◆ HOW TO COMPLETE THIS TASK
An acceptable answer repeats exactly the line containing "screen for garage door photo - 1" and all lines that follow it in the listing below, and it includes no pictures.

═══ SOURCE DATA ═══

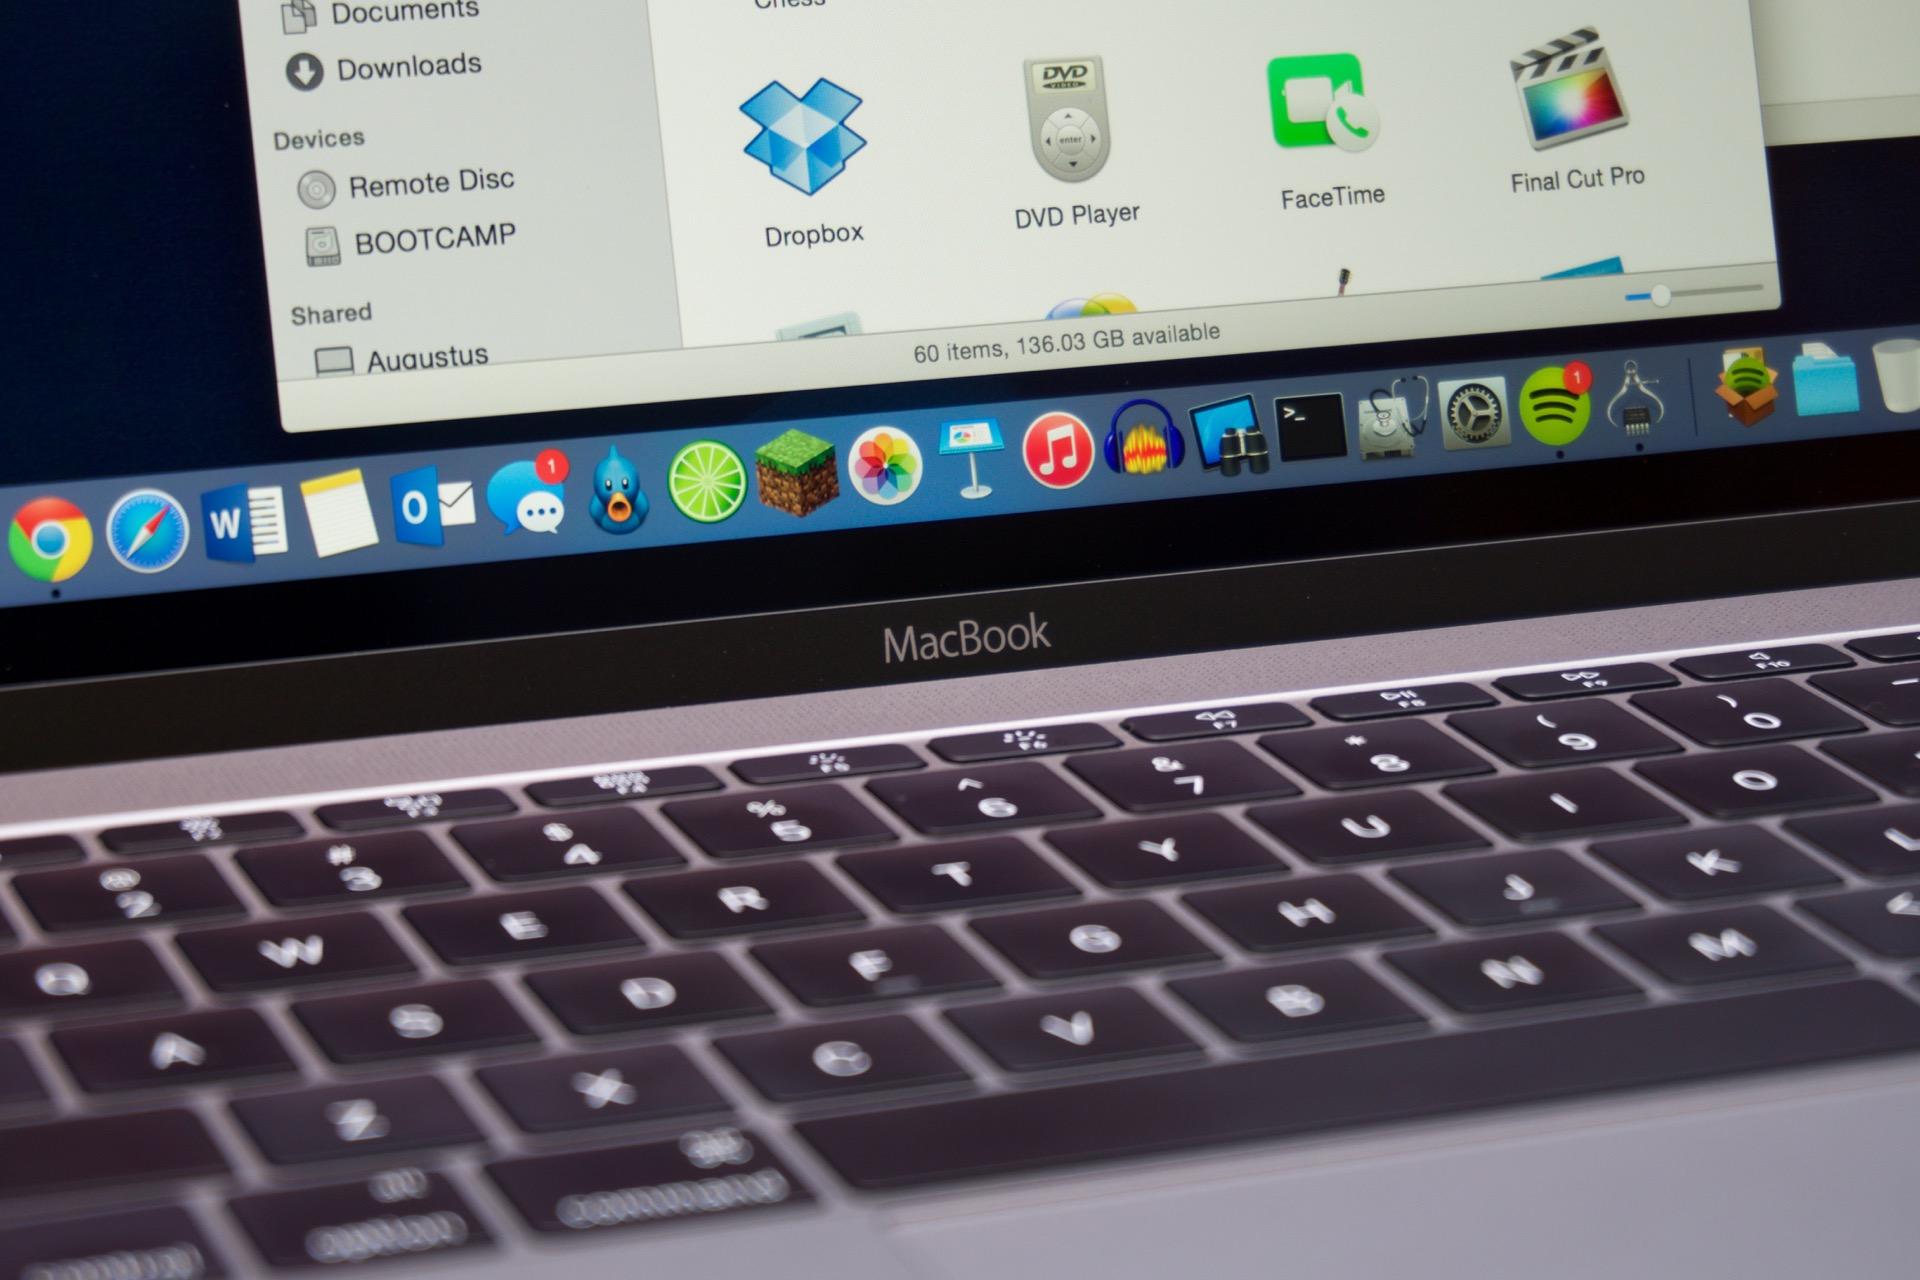 The 2015 MacBook.
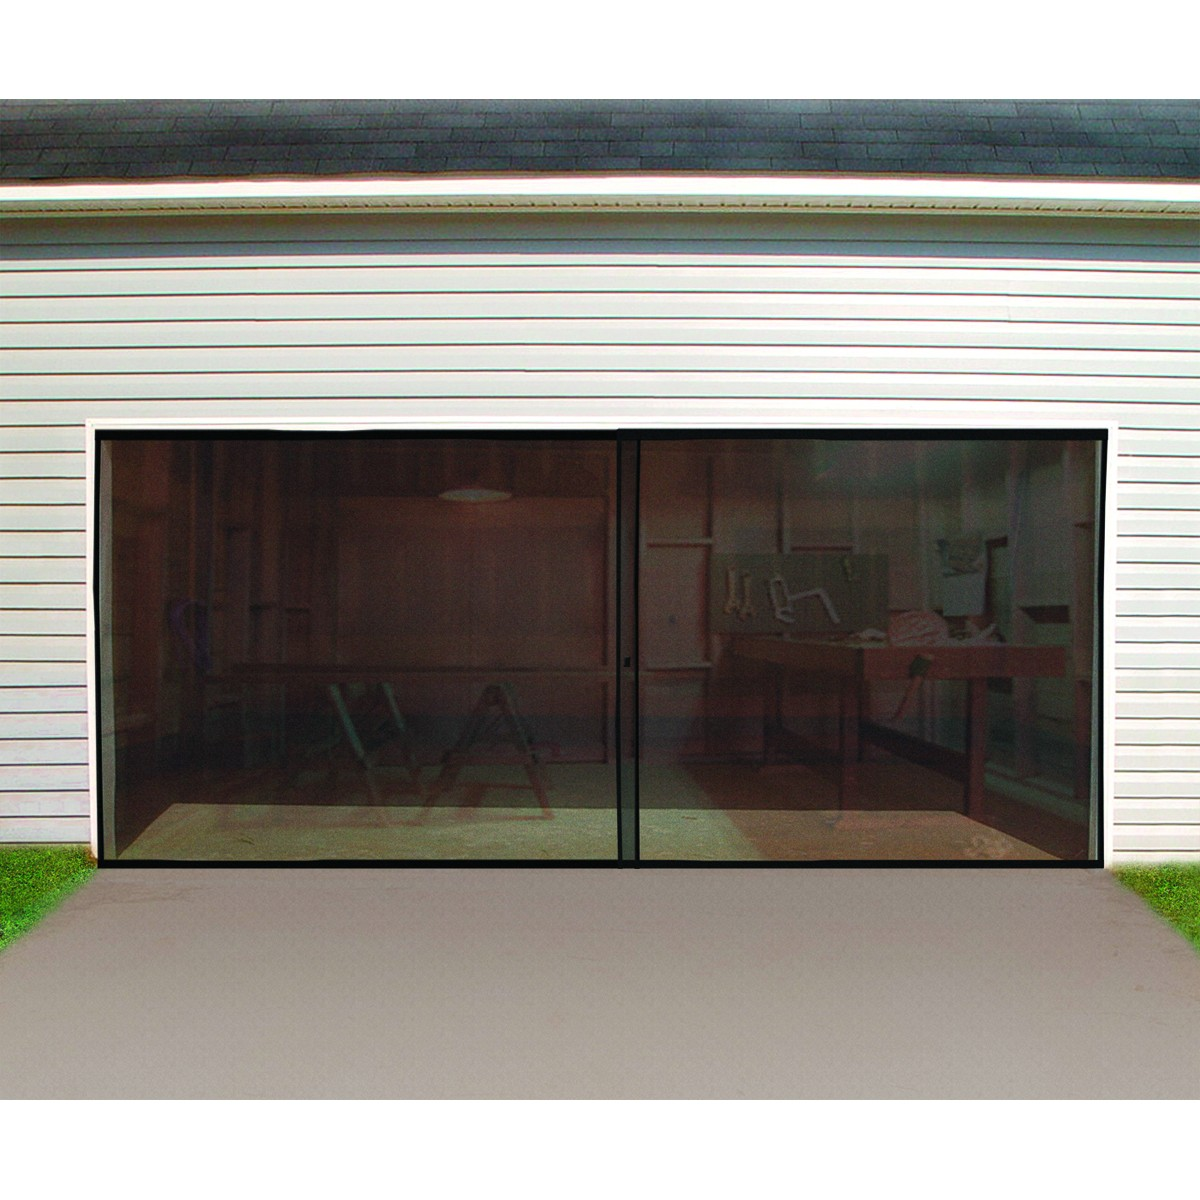 screen for garage door photo - 1
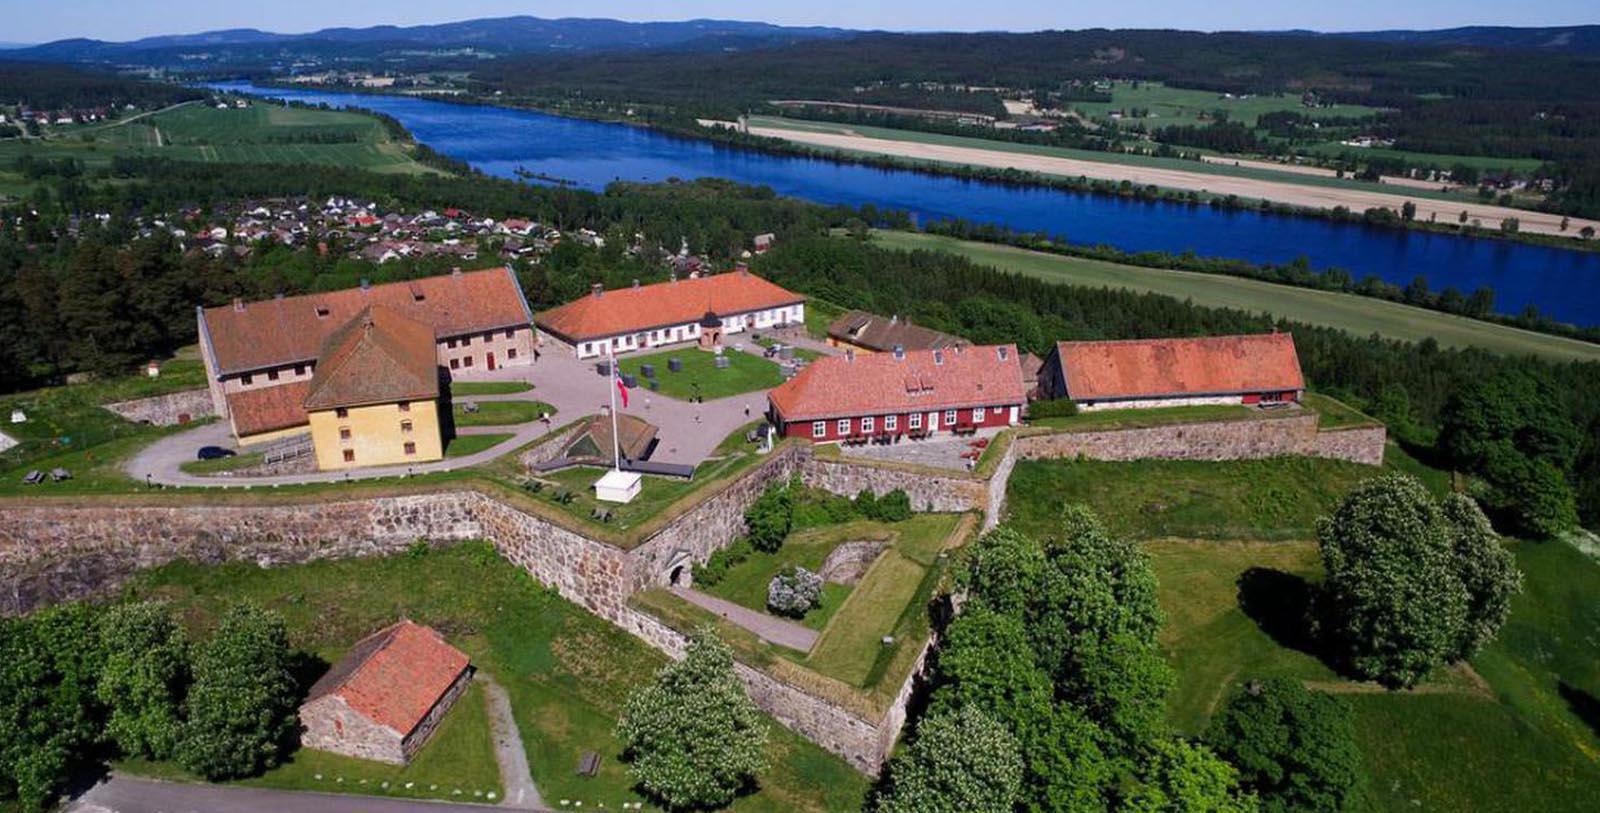 Festningen Castle  in Kongsvinger
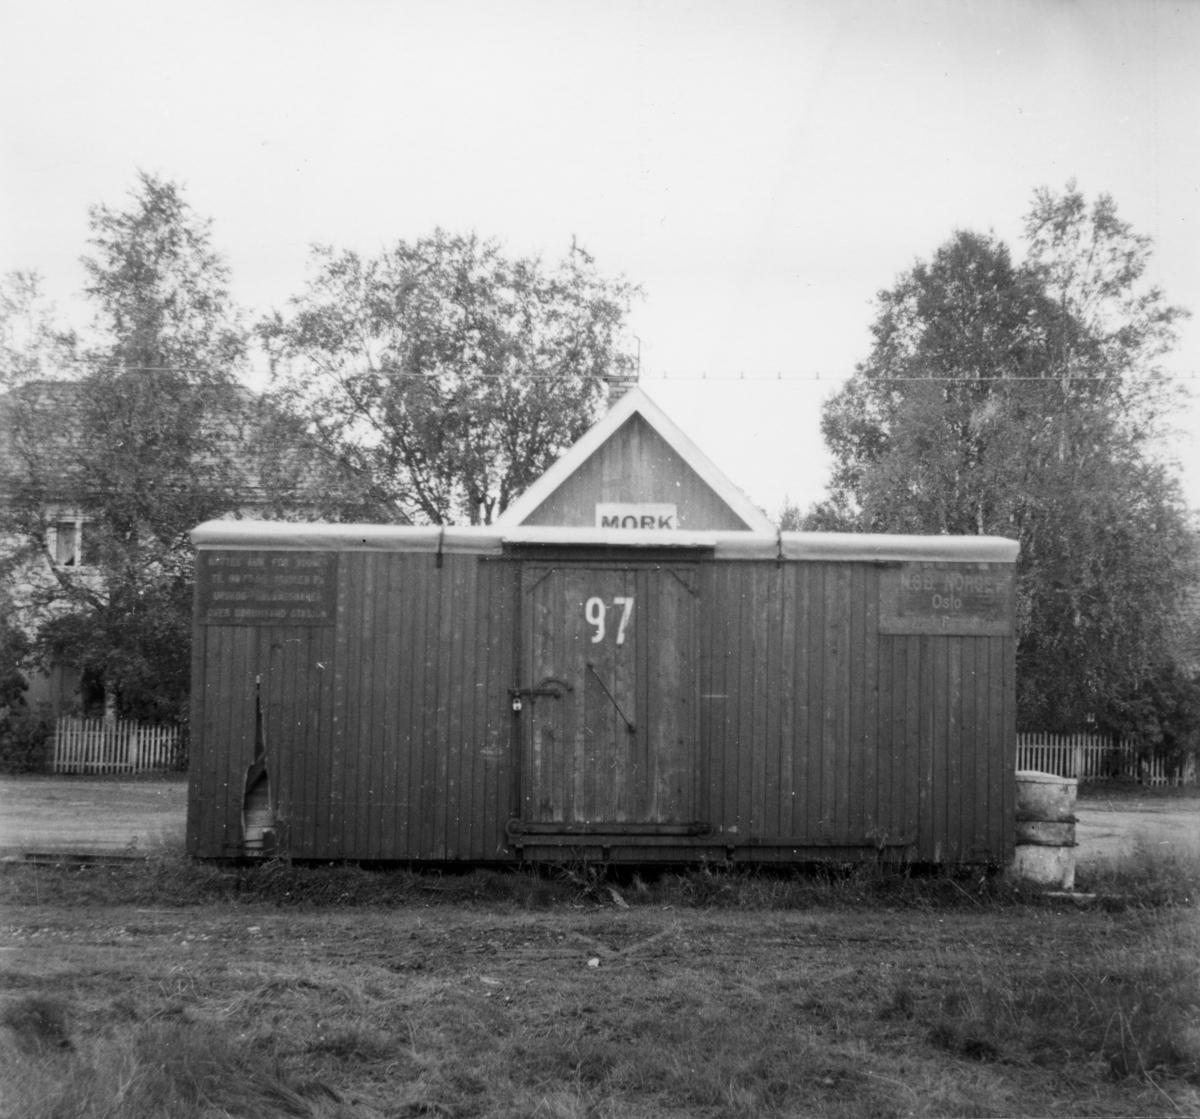 Løftekasse 97 ble stående igjen på en skinnestubb ved Mork stasjon etter nedleggelsen og ble brukt som lager.

═══

◆ OUTPUT OF THE EXERCISE
 screen for garage door photo - 1
 Festningen Castle  in Kongsvinger
 Løftekasse 97 ble stående igjen på en skinnestubb ved Mork stasjon etter nedleggelsen og ble brukt som lager.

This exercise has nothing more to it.